Dude, where’s my mouse?
MIT has come up with a prototype for an invisible mouse. You cup and move your hand as you would with a standard mouse, but instead of a physical piece of plastic, there’s a camera and light source that track your movement. To click, just press on the table. Potentially useful for people who have difficulty with grasping.
Diminished Reality
We’ve covered augmented reality interfaces, where a video image is superimposed with additonal content, such as the history of a building your camera is pointed at. Now researchers at the Technische Universität in Ilmenau, Germany are going the other way — removing objects from the camera’s output, in real time. This might work well as a wayfinding interface for people with low vision or cognitive disabilities. Imagine a street scene with all the signs still there, but none of the bustling, distracting people. Like a 10 megapixel neutron bomb.
Gizmodo: Magic Software Eliminates Objects From Reality Itself
Digital measurements
The Smart Finger prototype is essentially a gesture-based system for measuring short distances. Put the paired devices on two of your fingers, and they’ll give you a readout indicating the measurement in either metric or U.S. units. Has the potential to be a good strategy for people with dexterity disabilities; could be helpful to people with visual or cognitive disabilities if what seems to be a large-print display were also high-contrast, and if there were an audio output option as well.
Eye control by earphones
NTT DoCoMo has come up with prototype earphones that can detect eye movements — without a camera — and send commands to phones, media players, etc. Your eye-rolling teen may just be doing homework.
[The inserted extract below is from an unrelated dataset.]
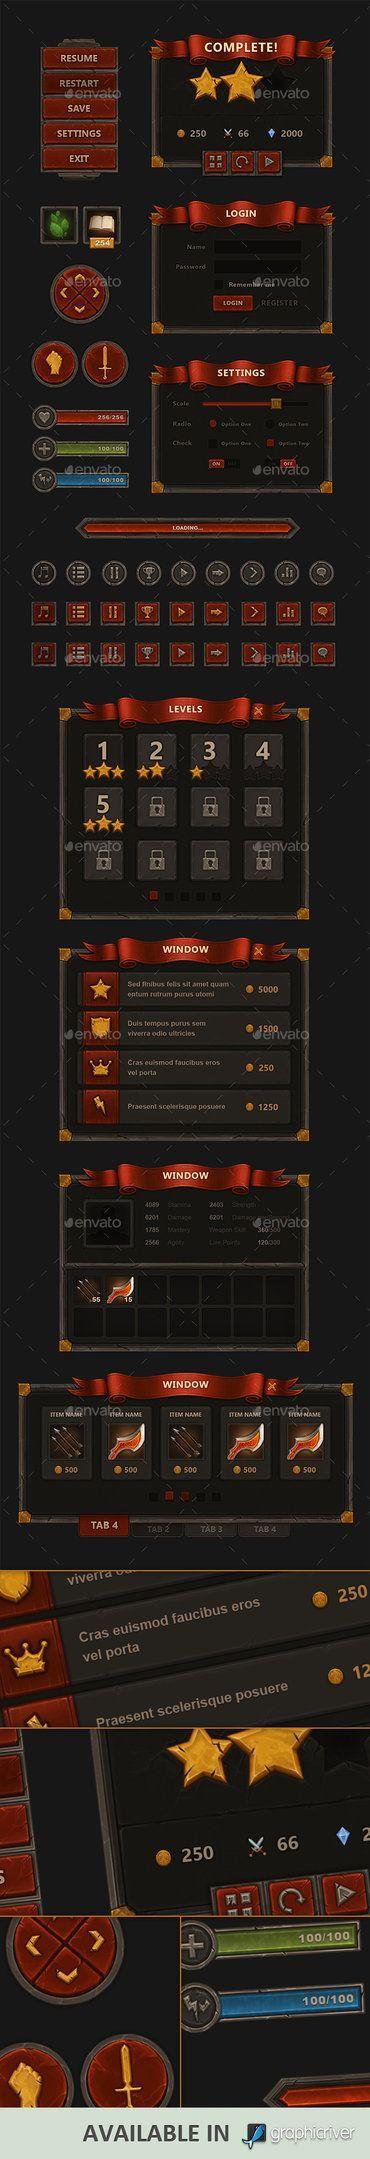 Fantasy Mobile Game Interface - http://graphicriver.net/item/fantasy-mobile-game-interface/9009432?WT.ac=portfolio&WT.z_author=KEvil: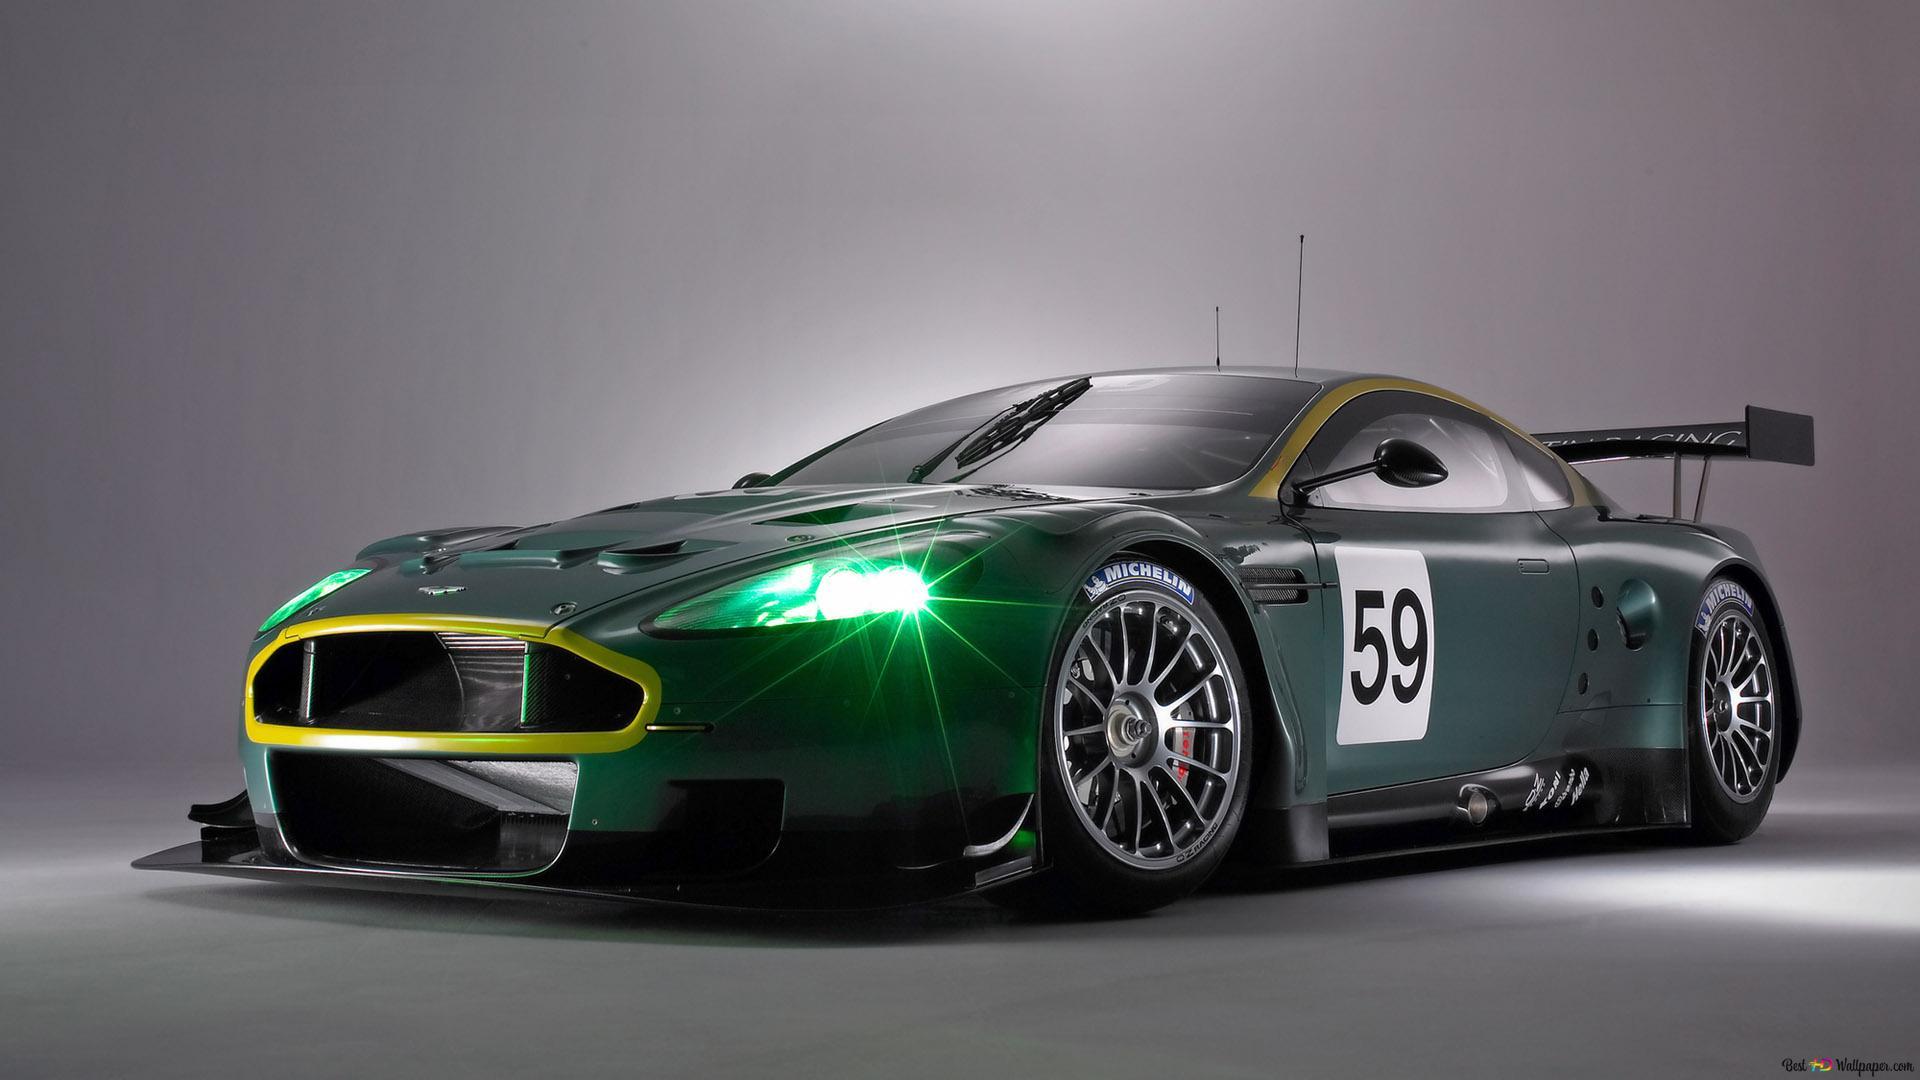 Aston Martin Dbr9 Sport Car Hd Wallpaper Download

If this gets commercialized, people with extremely impaired dexterity may have a new, low-cost option for computer input, environmental control, and more.
Eye-controlled earphones let you pick up phone calls with a glance
There’s no mouse like…no mouse?
We’ve been used to the mouse for some time; grab it and move your hand to navigate a cursor around the screen. But what if a computer could just track your hand instead? Enter Mouseless, a prototype infrared system that directly interprets hand movements for cursor control; wonderful for people whose dexterity makes grasping difficult. You still have to tap your index finger on the table to click, though, which begs the question of whether a different finger or even a different strategy could be assigned.
Gizmodo: First the mouse, then Mighty Mouse, then Magic Mouse and now the Invisible Mouse
Buddy system
We’ve written before about automated Twitter messages as a communication strategy, but most examples were either hacks or left little leeway for consciously choosing a desired message. Enter Buddy Radio, a simple device currently being tested with elders by the UK’s National Health Service. Turning the dial sends one of several messages indicating the user’s mood–not clear whether this is preprogrammed or personalizable. Apparently it works not only with Twitter, but also with Facebook, email, and so on. It’s currently being evaluated as a signaling system; off-site family, friends, and other message recipients would presumably be able to interpret when a user needs some type of intervention services. But we have cause to wish it were commercially available now so that people in hospice, recovering from serious injury, etc., would have a nearly effortless way to just provide brief but treasured messages to their circles.